Изображение потеряло часть своей земной и подлинной реальности, но только часть. Затем картина исчезла. Ее купил коллекционер, человек с большим и острым некрасивым носом и постоянно мигающими мелкими глазками, от которого пахло лекарствами, словно он был провизором или фармацевтом.

А пес не любил аптек и запаха лекарств, хотя и понимал, что они нужны.

Теперь запах лекарств стал все чаще и чаще раздражать собачье обоняние. Человек частенько болел. Но, борясь с болезнями и старческой немощью, продолжал работать.

Он уже не изображал женоподобные дебелые березы и слишком натуральные ели, не набрасывал на холст восходы и закаты, стараясь передать заодно и беспокойное течение лесных рек, и безмятежное спокойствие озер, чуточку подслащенных, лишь самую малость, так, чтобы не слишком бросалось в глаза опытным знатокам и придирчивым искусствоведам, но очень бы нравилось неискушенной публике, всякий раз принимавшей за истинную красоту то, что было далеко от настоящей, не подрумяненной истины.

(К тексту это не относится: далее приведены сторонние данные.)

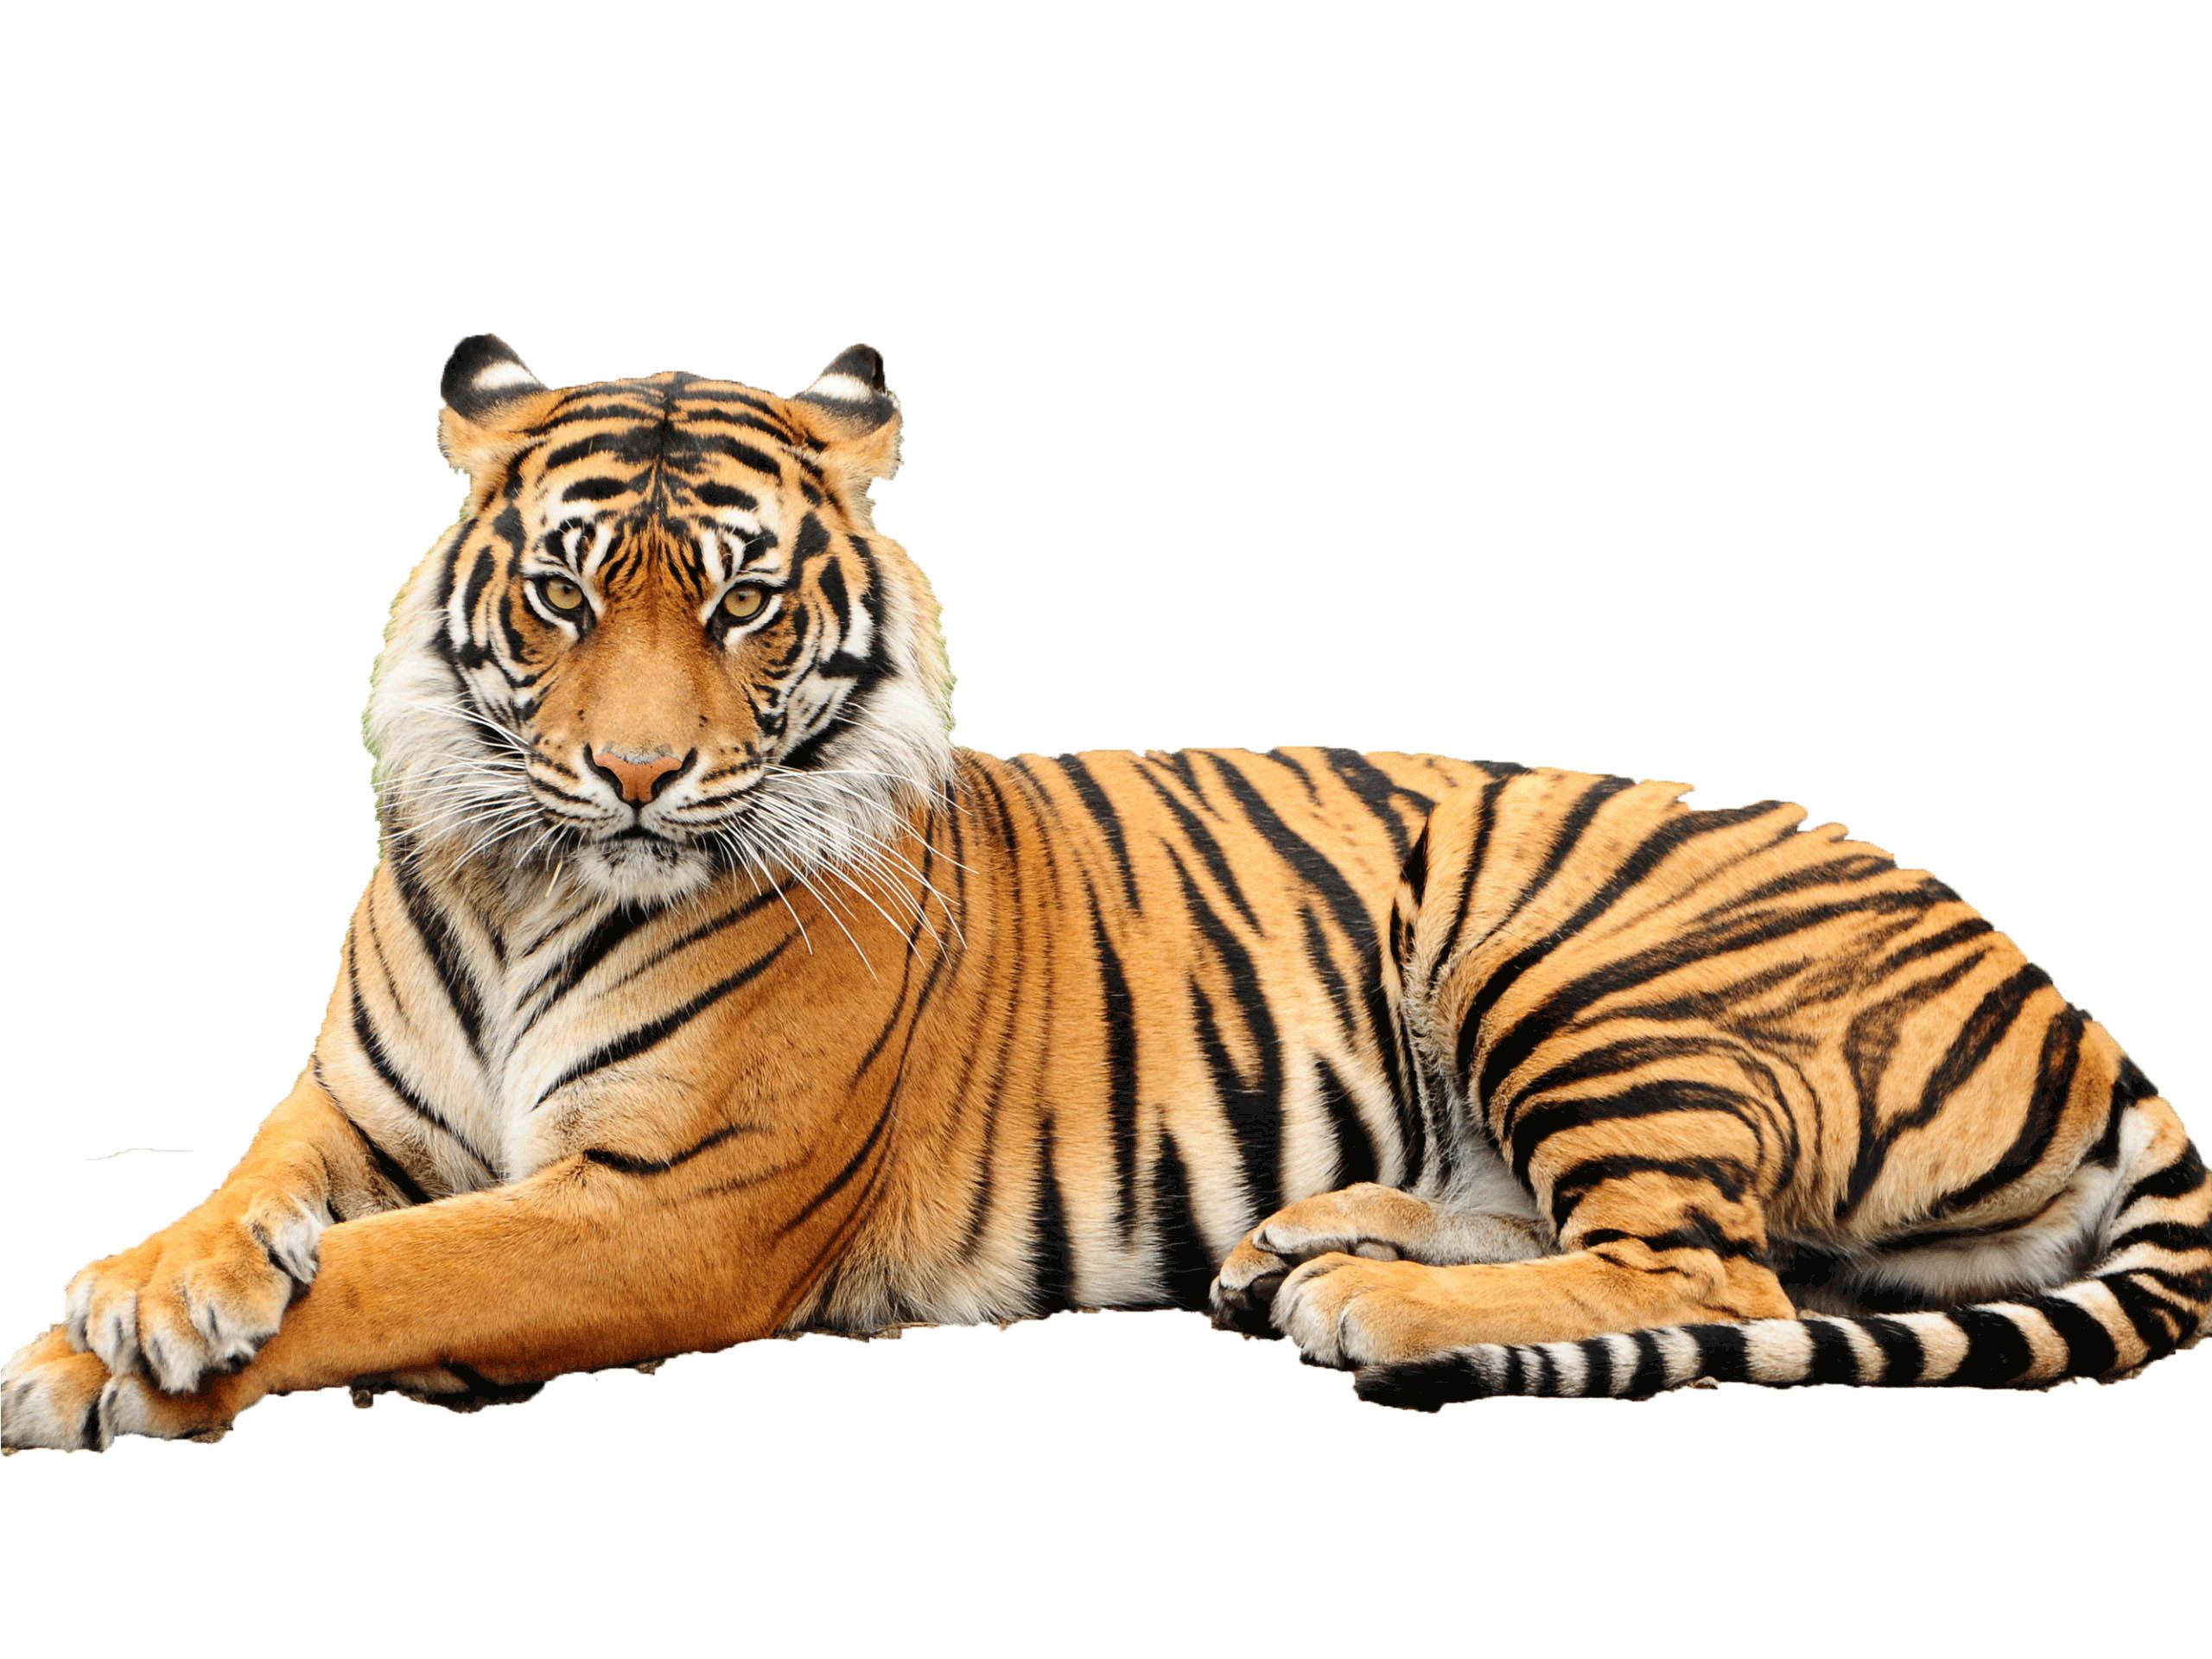 PNG Tiger Face - 58687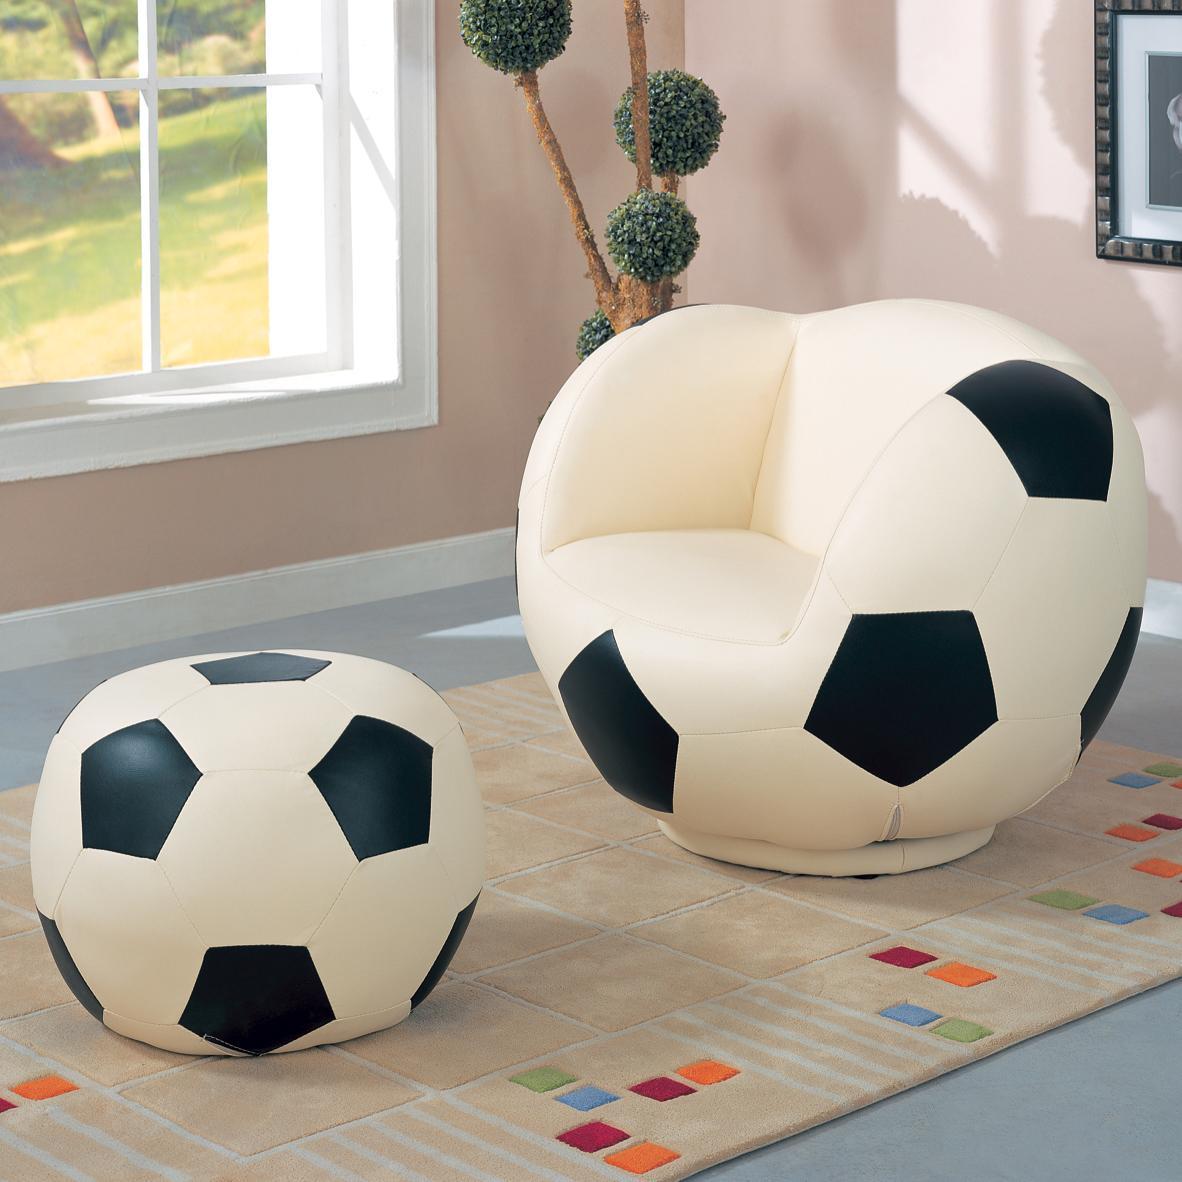 Kids_Sports_Chairs_460188-b

Он не писал больше одетых и раздетых натурщиц, по-видимому потеряв интерес к налитой жизненным соком женской плоти, еще недавно преломляемой им через дрожь двусмысленной таинственности вдруг воскресавшего в нем гимназиста, прилипшего к замочной скважине, чтобы увидеть раздевающуюся горничную или дебелую повариху, пугаясь этой своей внезапной страсти и презирая за нее себя.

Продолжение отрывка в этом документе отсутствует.